Thank you for your suggestion. We have modified the sentence (Page3, Line 103-108) as follow:

“The discordance between immunological evaluation and therapeutic responsiveness may be caused by the difference of applied antibodies to each procedure. Additionally, Koopman et al. have demonstrated that in OCCC, there is considerable difference in HER2 overexpression evaluated by different IHC antibodies, and is apparent discordance with in‐situ hybridization [20]. From now on precision medicine era, together with each cancer DNA mutation and protein status, the RNA transcript profile should be considered for evaluation and treatment of HER2 activation in OCCC.”

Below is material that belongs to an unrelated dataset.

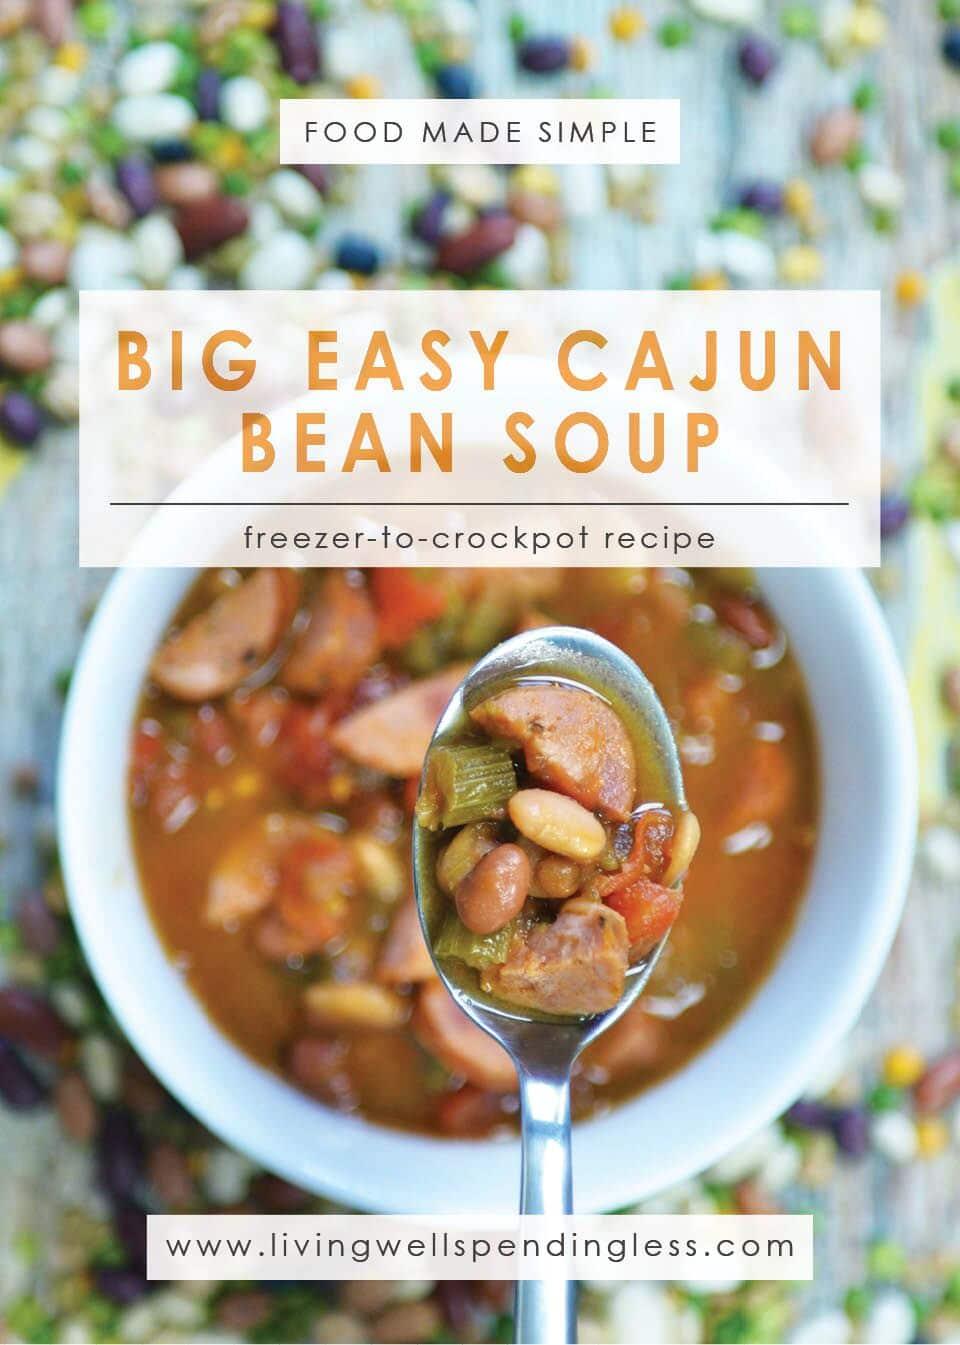 Big Easy Cajun Bean Soup: A delicious freezer-to-crock pot recipe

3)     In terms of microsatellite instability, as authors stated, the immune checkpoint therapy is very effective regardless to the stability of microsatellite. So, the reviewer recommends to change the headline as “Anti-PD-1/PD-L1 agents” and rewrite the section accordingly.

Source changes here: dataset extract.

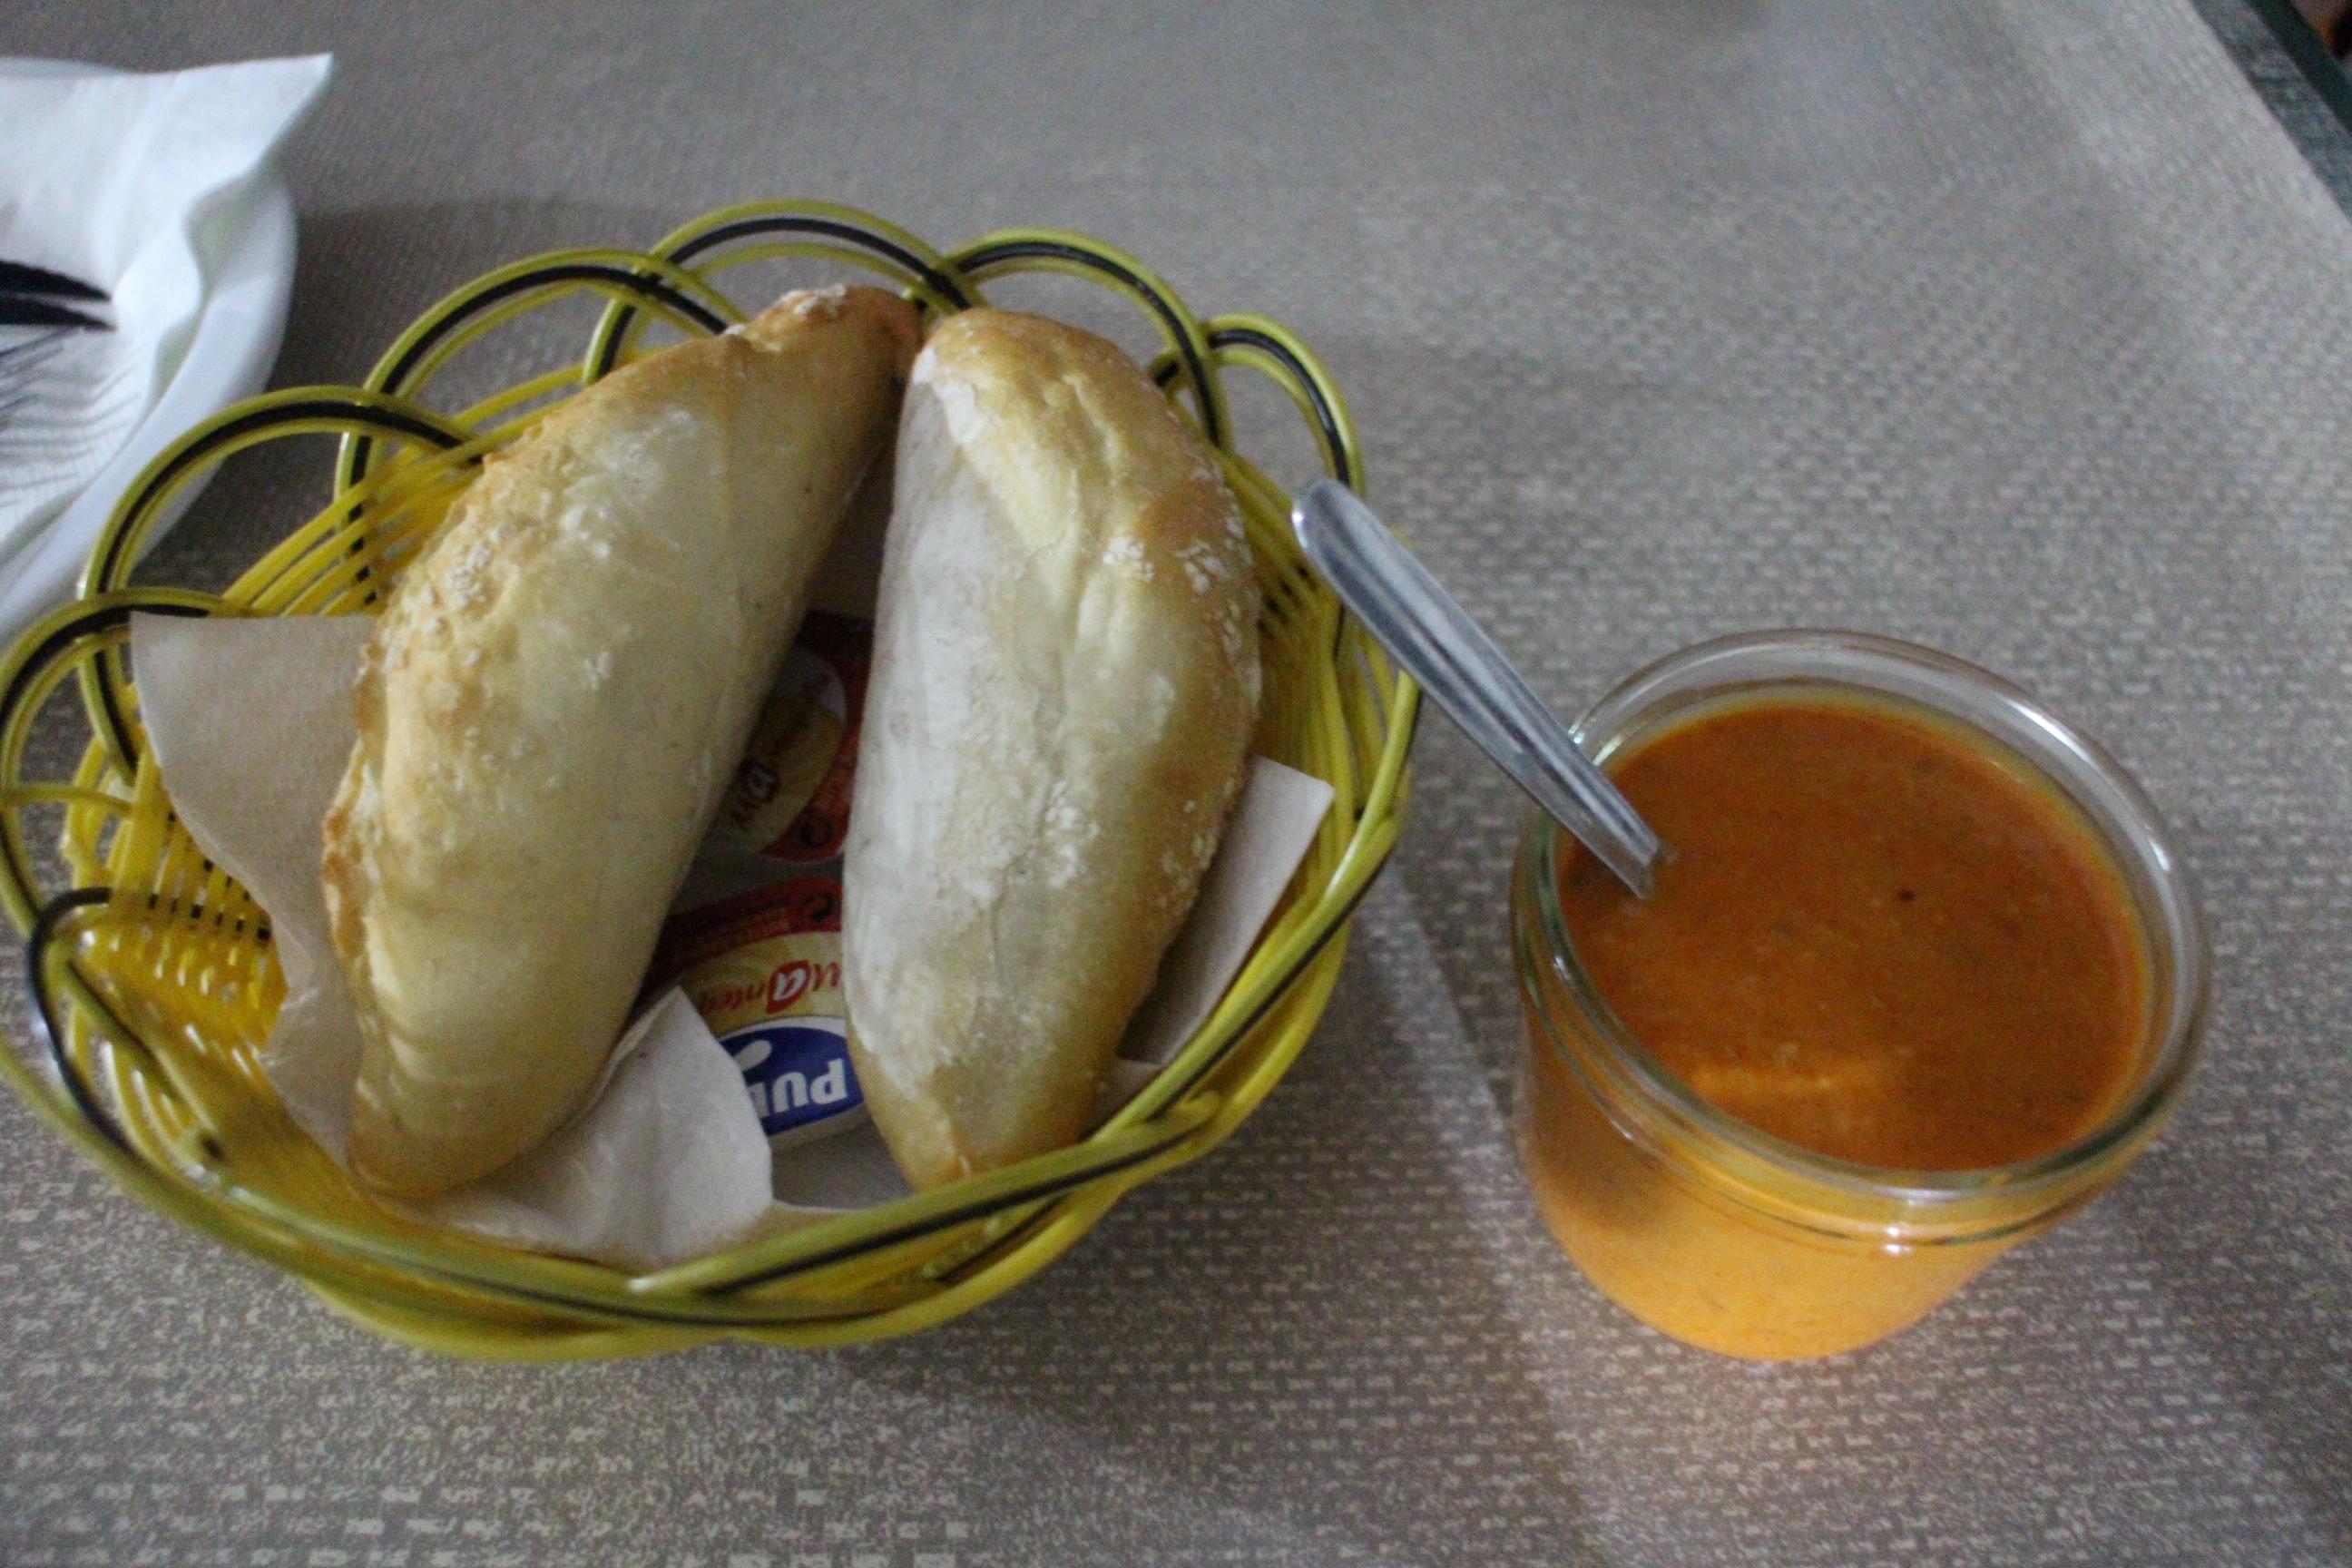 Otelo的mojo沾醬,配麵包就好好吃!

Thank you for your advice. We agree with you. We changed the headline of section 5 as “Anti-PD-1/PD-L1 agents” , modified the abstract section (Page 1, Line 17-18), the background section (Page 2, Line 53) and Figure 1, and rewrote the section as follows (Page 7, Line 253- Page 8, Line 270) :

“Immune checkpoint blockade therapeutics have become more ubiquitous due to their ease of administration, favorable side effect profile, and effectiveness in certain tumor types. Given the success of checkpoint inhibitors in the treatment of other malignancies, there has been an attempt to replicate these results in ovarian cancer clinical trials. In a clinical phase II trial, 2 out of 20 platinum-resistant recurrent OCCC cases showed complete remission upon treatment with an anti-PD-1 antibody [59, 60]. Recently, Mismatch repair (MMR) deficiencies has attracted attention as a predictive marker for this type of immunotherapy. Several works have revealed that MMR-deficient tumors are sensitive to immune checkpoint blockade by anti- PD-1 or anti-PD-L1 antibody [61,62]. Only a small proportion of ovarian cancers are thought to be due to germ-line MMR mutations [63], and MSI-H ovarian cancers are rare. Recent research demonstrated that about 7% (4 out of 57) of OCCC cases had MSI-H cancers without any MMR mutations [64].  While the applied population is small, immunotherapy by anti-PD-1/PD-L1 antibodies shows high potential as an effective treatment strategy for MSI-H OCCC. On the other hand, two OCCC patients who could achieve complete remission showed microsatellite stability (MSS) in the clinical trial mentioned above [62,63]. Taken together, in OCCC it is clear that not only MMR status, but also various genetic or epigenetic modifications, may contribute to the sensitivity of immune checkpoint blockade, whose predictive efficiency should be precisely clarified in subsequent studies.” 

Your kind consideration of our manuscript would be greatly appreciated. We hope you will find this version acceptable for publication in “Healthcare”.